Many thanks to a dear reader we won’t identify at their request. Not only did it make my day, but that week and well beyond.
I’d like to think this edition will evoke the same sort of response. In my humble opinion, there’s plenty more of the same, starting with our cover feature on the force of nature known to one and all as Tutti Perricone.
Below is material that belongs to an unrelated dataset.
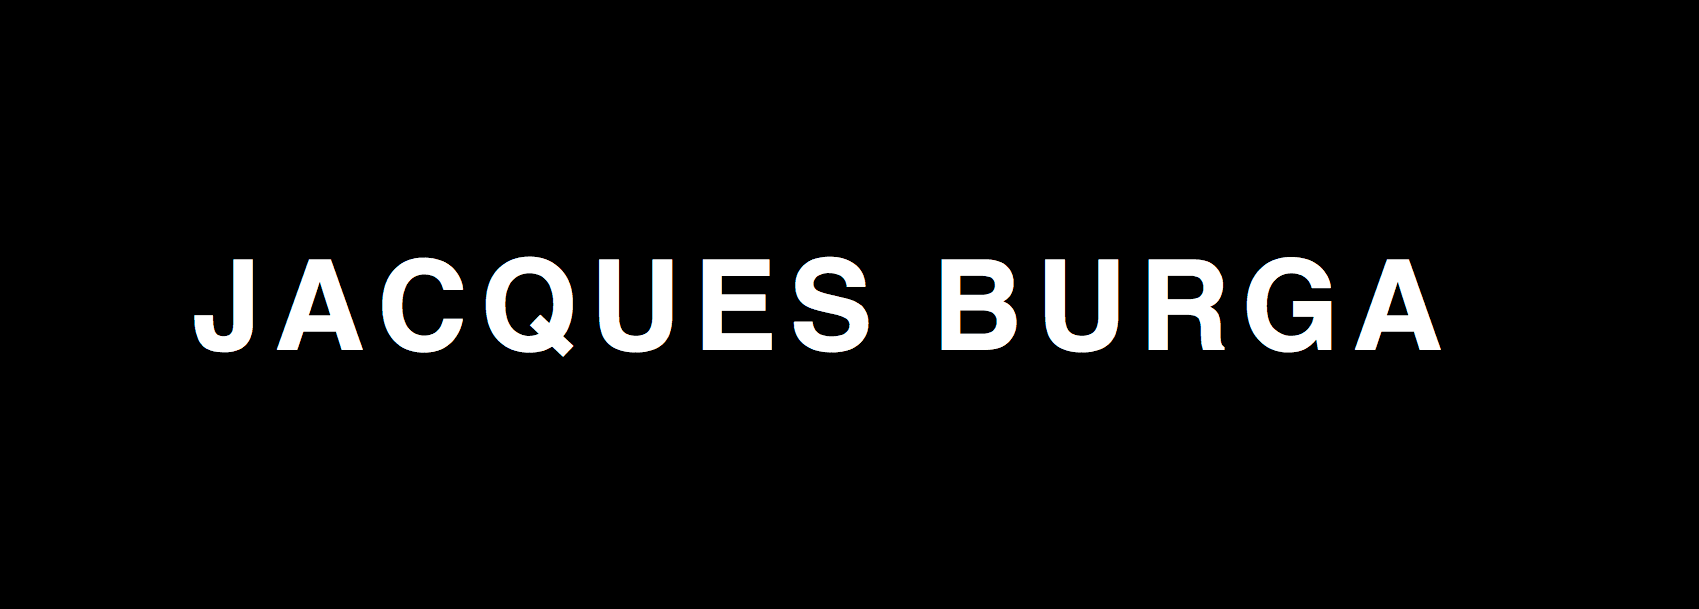 JacquesBurga bannière

She’s a Middleburg native, chef and caterer extraordinaire who also happens to sing like a songbird.
She has plenty of history in this area, and that fits in quite nicely with several other stories to mark February as Black History Month. Read all about Porcha Dodson, who grew up on a farm outside Middleburg, was an academic and stage star from The Hill School through college and now is a development officer for Episcopal school in Alexandria.
Pat Reilly has profiled 96-year-old Ethel Rae Stewart, who taught at several segregated black schools in Loudoun County. And Jodi Nash focuses on a new project from the Afro-American Historical Association of Fauquier County helping residents trace their roots back to their enslaved ancestors.
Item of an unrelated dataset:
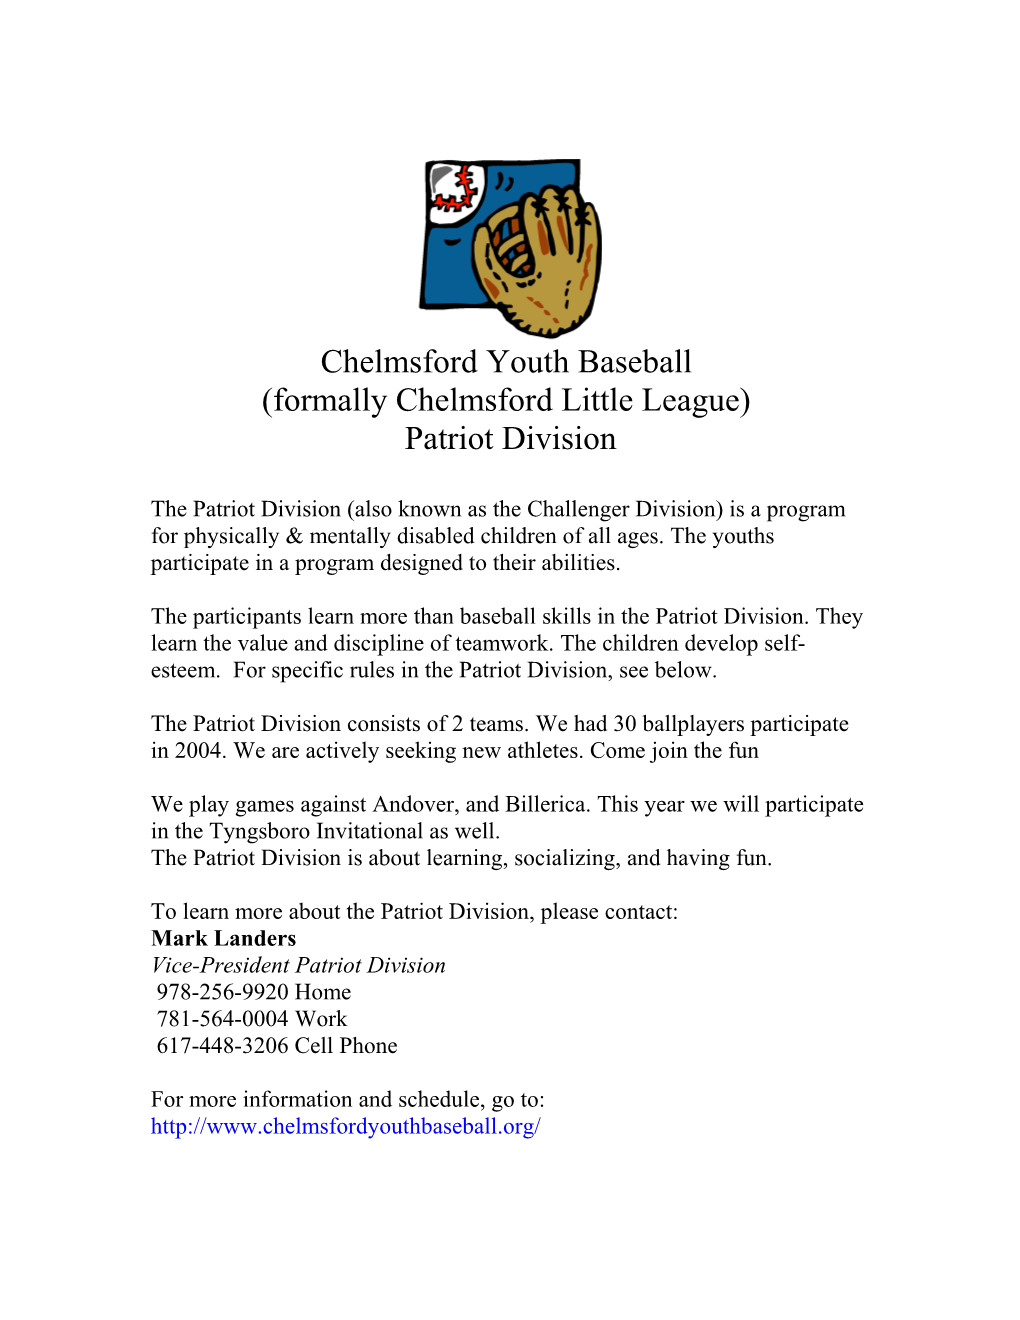 Chelmsford Little League Patriot Division

We’ve got Part II of John Rolfe Gardiner’s wonderful short story based on Middleburg, the excerpt of a new book on Huntland by Marc Leepson and another fascinating piece from John Toler on the calamitous fire that nearly destroyed The Plains in 1967.
And finally, hooray for regular ZEST contributor Sean Clancy, honored with a prestigious Eclipse Award in early January for a memorable story he wrote in August on a tragic horse race at Saratoga. It appeared in the Saratoga Special owned by Sean and his brother Joe and we’re thrilled to reprint the piece that earned racing’s equivalent of a Pulitzer Prize.
Who knows, maybe we’ll get a few nice emails after this winter edition hits the streets, hopefully adding even more ZEST to your reading pleasure.